Will CBDC bring renminbi internationalisation?

17 August 2019

The People’s Bank of China (PBoC) reiterated that it is 'almost'ready to launch a central bank digital currency (CBDC) confirming that central bank money is in for major upgrades. It is in line with earlier announcements by Facebook, JP Morgan, Walmart that digital currencies are on the rise. The intent to offer a digital renminbi will likely serve to recalibrate if not change fundamentally national and international payments relations. By equipping the renminbi with new functionalities and utilities, it is likely to be a key part of China's long-held ambition of renminbi internationalisation.

The architecture of money is changing. Technology is transforming what money can do and what consumers want money to do. Central banks are catching up. The recent decision by the Federal Reserve to adopt faster payment is similarly indication that central banks are under pressure to modernise payments more generally. While faster payment is merely about moving money faster, CBDC is about changing money itself.

Central bank money remains essential as medium of settlement. It exists in bank note and reserves formats. The first is to allow the non-bank public to make retail payments. The second consists of account balances of commercial banks at the central bank to conduct large value transactions. CBDC is central bank money in token format normally issued and run on a blockchain. It will likely be acquired similar to bank notes by exchanging reserves for CBDC. As such, the issuance of CBDC would merely be a substitution of central bank liabilities.

The PBoC indicated that its CBDC will not run on a ‘pure blockchain’. This could mean that it will use some distributed ledger technology (DLT) likely consisting of a permissioned network run by a select number of participants and where the PBoC retains full control over issuance. The PBoC also hinted that it will maintain the existing distribution channels for central bank money via commercial banks. If it were adopted now it would be a first.

A CBDC launch soon would underline that the PBoC is confident that DLT can meet needed technological requirements to support monetary transactions. While tests have shown that DLT e.g. can meet and exceed peak performance in U.S. equity trading, similar tests for retail payments remain rare. The deployment of DLT would affirm that the technology has come of age.

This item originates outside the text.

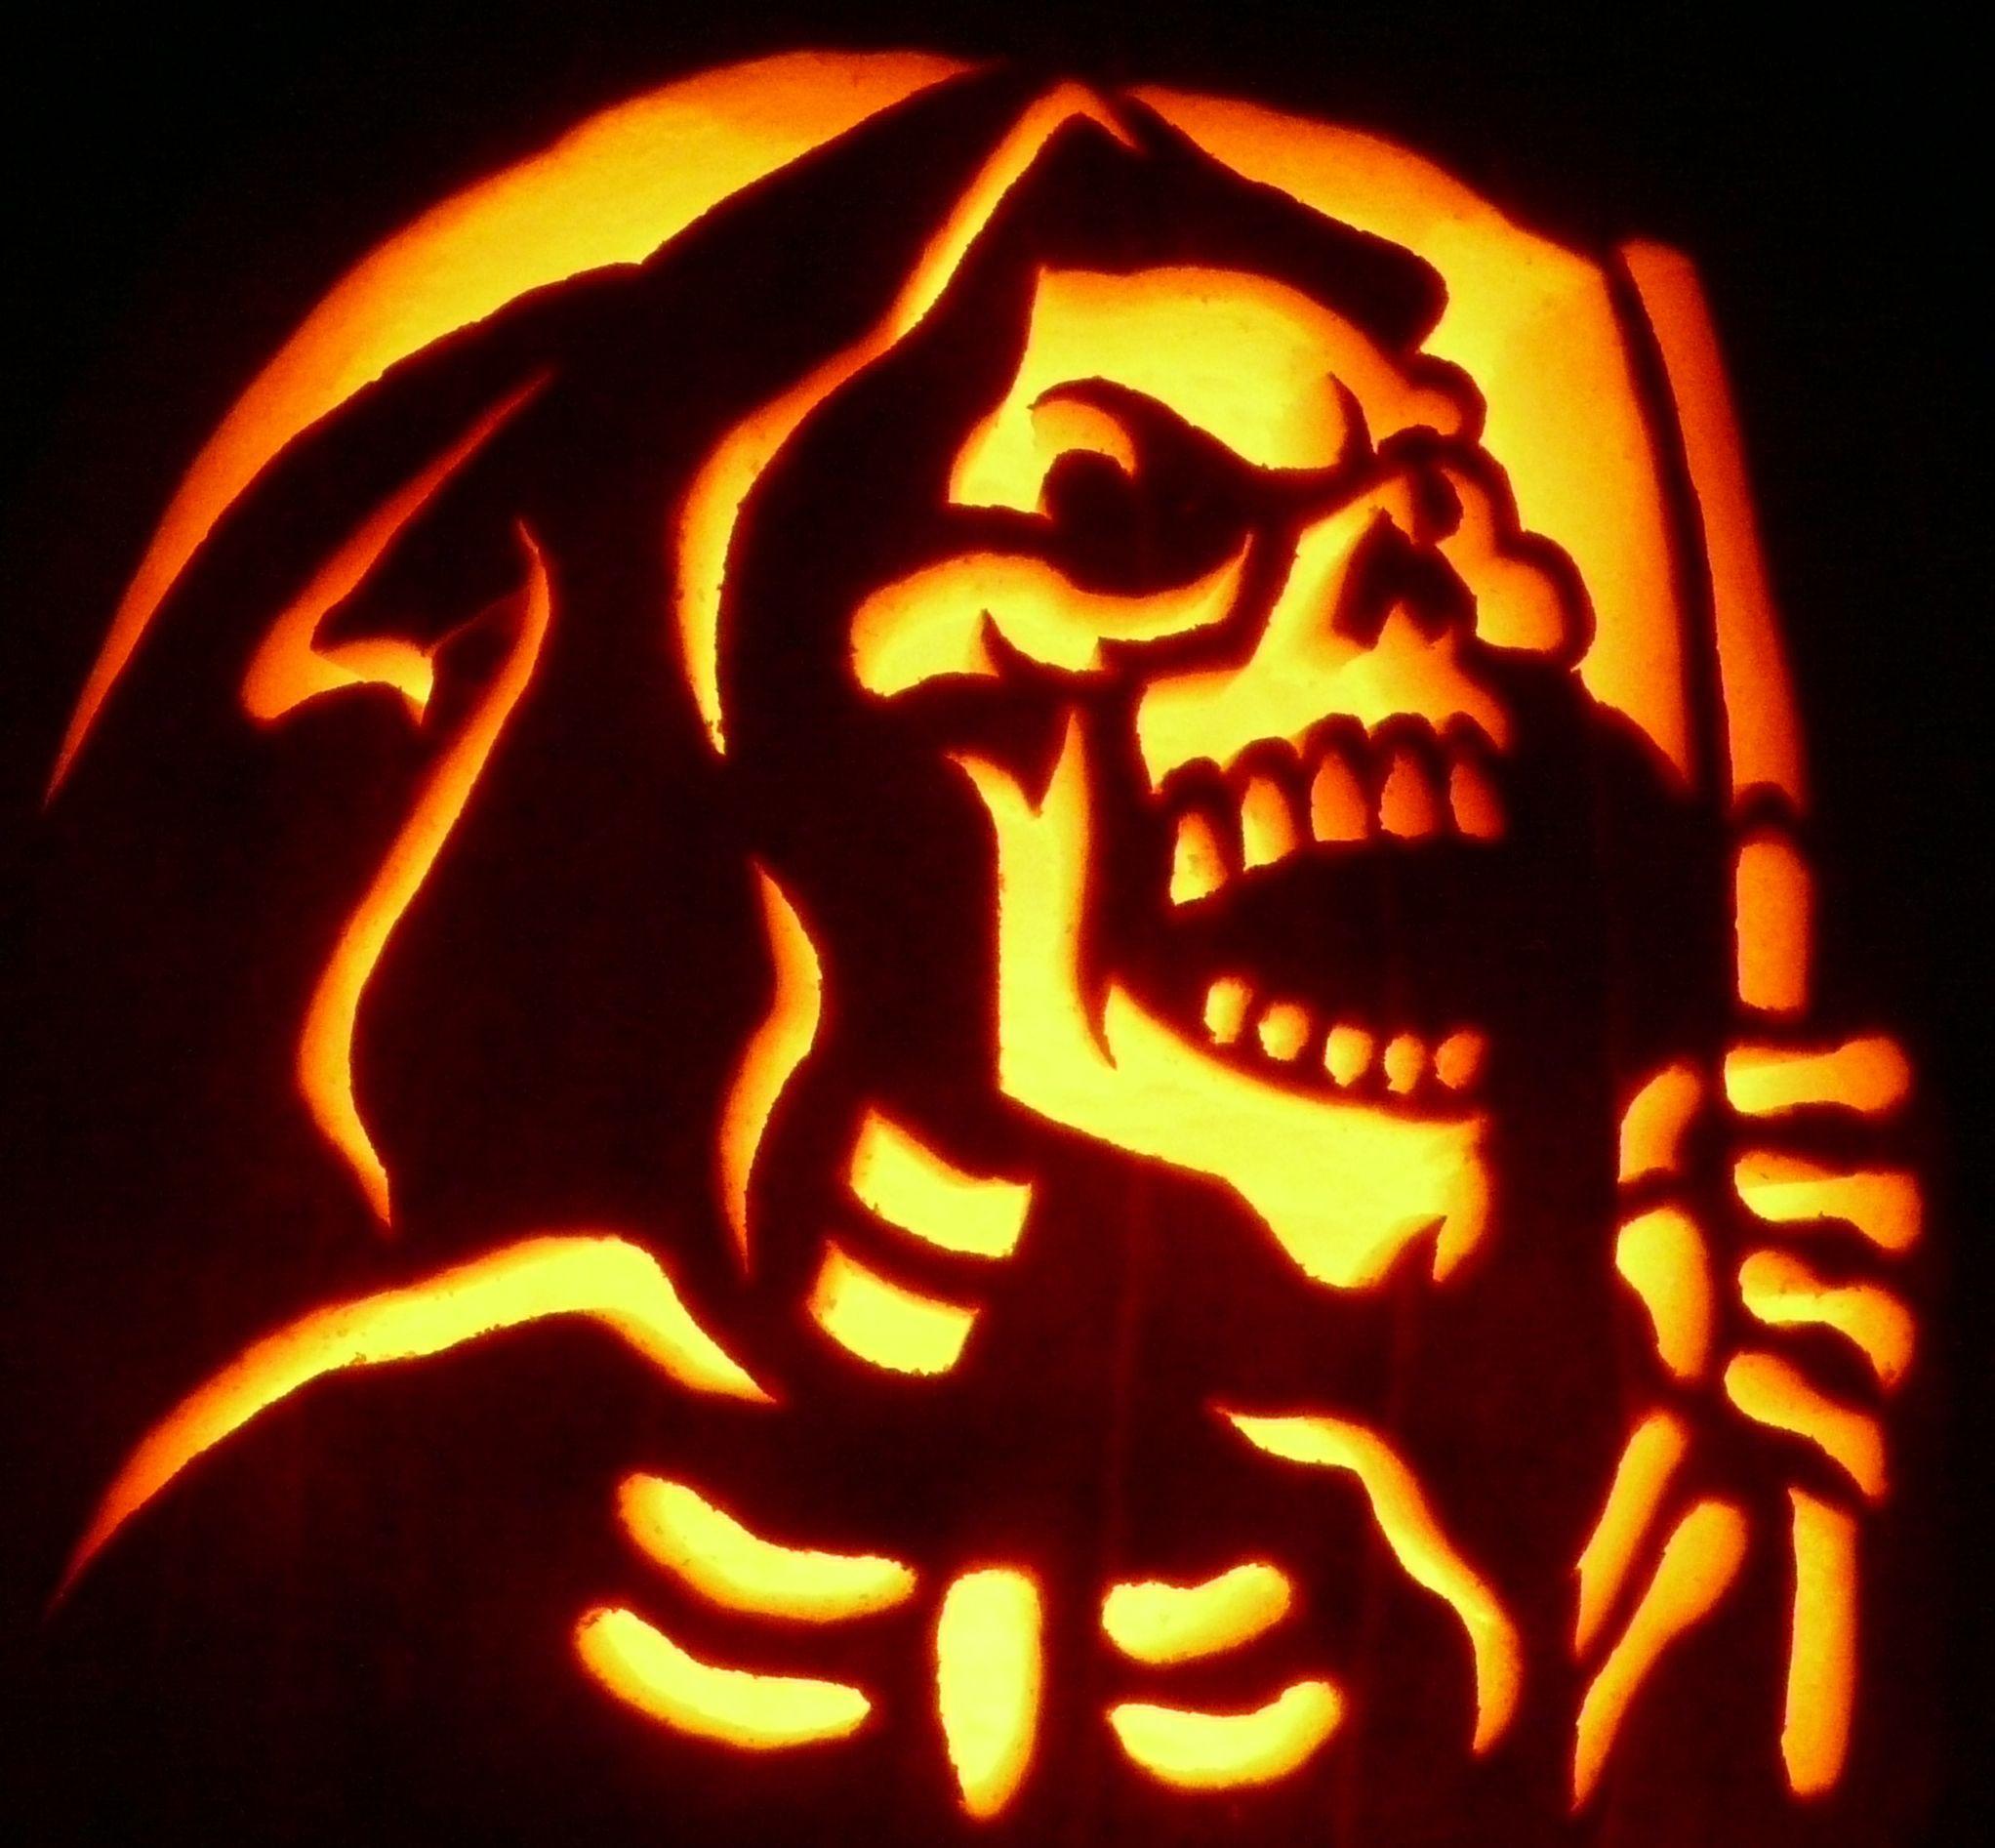 grim reaper pumpkin template  Carved Pumpkin- The Grim Reaper. Pattern by zombiepumpkins ...

CBDC would be both catalyst and enabler of new token-based financial ecosystems. It forms integral part of a broader vision of the tokenisation of assets. Tokenisation is a new representation of assets, goods and rights that encapsulates all needed information to record and transfer ownership. Tokenisation promises to simplify exchanges by enabling asset token for currency token swaps through instantaneous settlement or atomic swaps. It also aims to bring greater liquidity to assets, lower transaction costs, enhance transparency and broaden access to payments.

CBDC enables diversification, resilience and choice in payments. At retail level, it would allow the non-bank public to conduct digital payments in central bank money on separate payment rails. In wholesale payments, it would offer alternative channels for central bank liquidity and enable peer-to-peer transactions. In international payments, it would make possible to conduct payment versus payment transactions by simply exchange of tokens and hold central bank money off shore possibly also as substitute for central bank foreign exchange reserve allocations.

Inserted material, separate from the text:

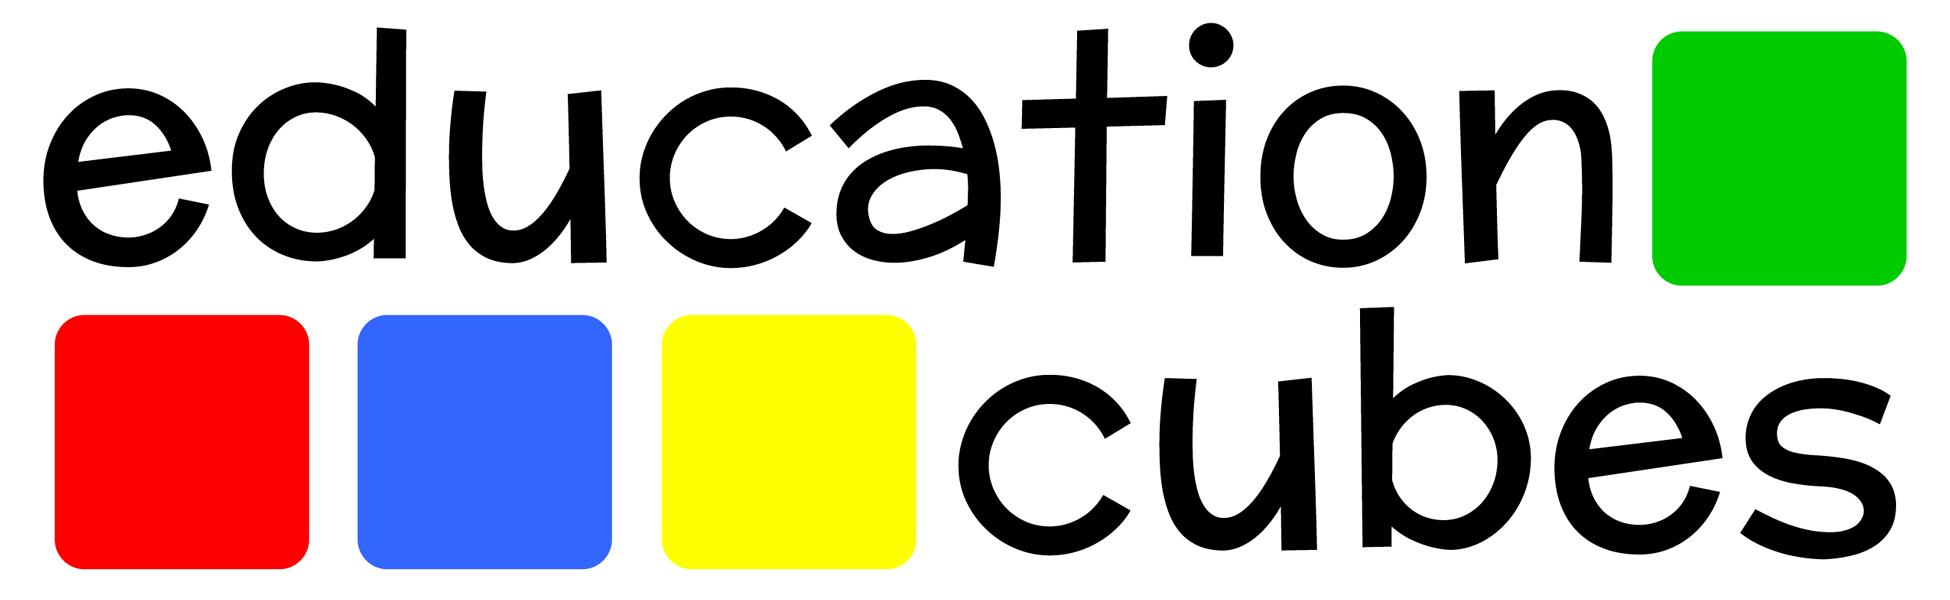 Education Cubes Header

CBDC is not about making payments faster. It is to change how currencies can be used. A DLT-enabled currency becomes an object that equipped with smart contracts can exhibit utility itself. Currency is thus evolving from having intrinsic value as commodity money, to having no intrinsic value as paper currency to restore some intrinsic value amid new functionality.

China is expected to use CBDC to advance its objective of making the renminbi become a prominent international currency. A tokenised renminbi would exhibit properties that could make it far easier to use it in international transactions and attractive to hold compared with conventional currencies. New financial technology may help overcome constraints that would normally reduce currencies’ attractiveness as international settlement or invoicing media. If central bank money liquidity can become more widely accessible, it may lead to a reordering of the importance of currencies and bring greater diversity in international payments. After monetary policy, fintech may be the new currency success factor.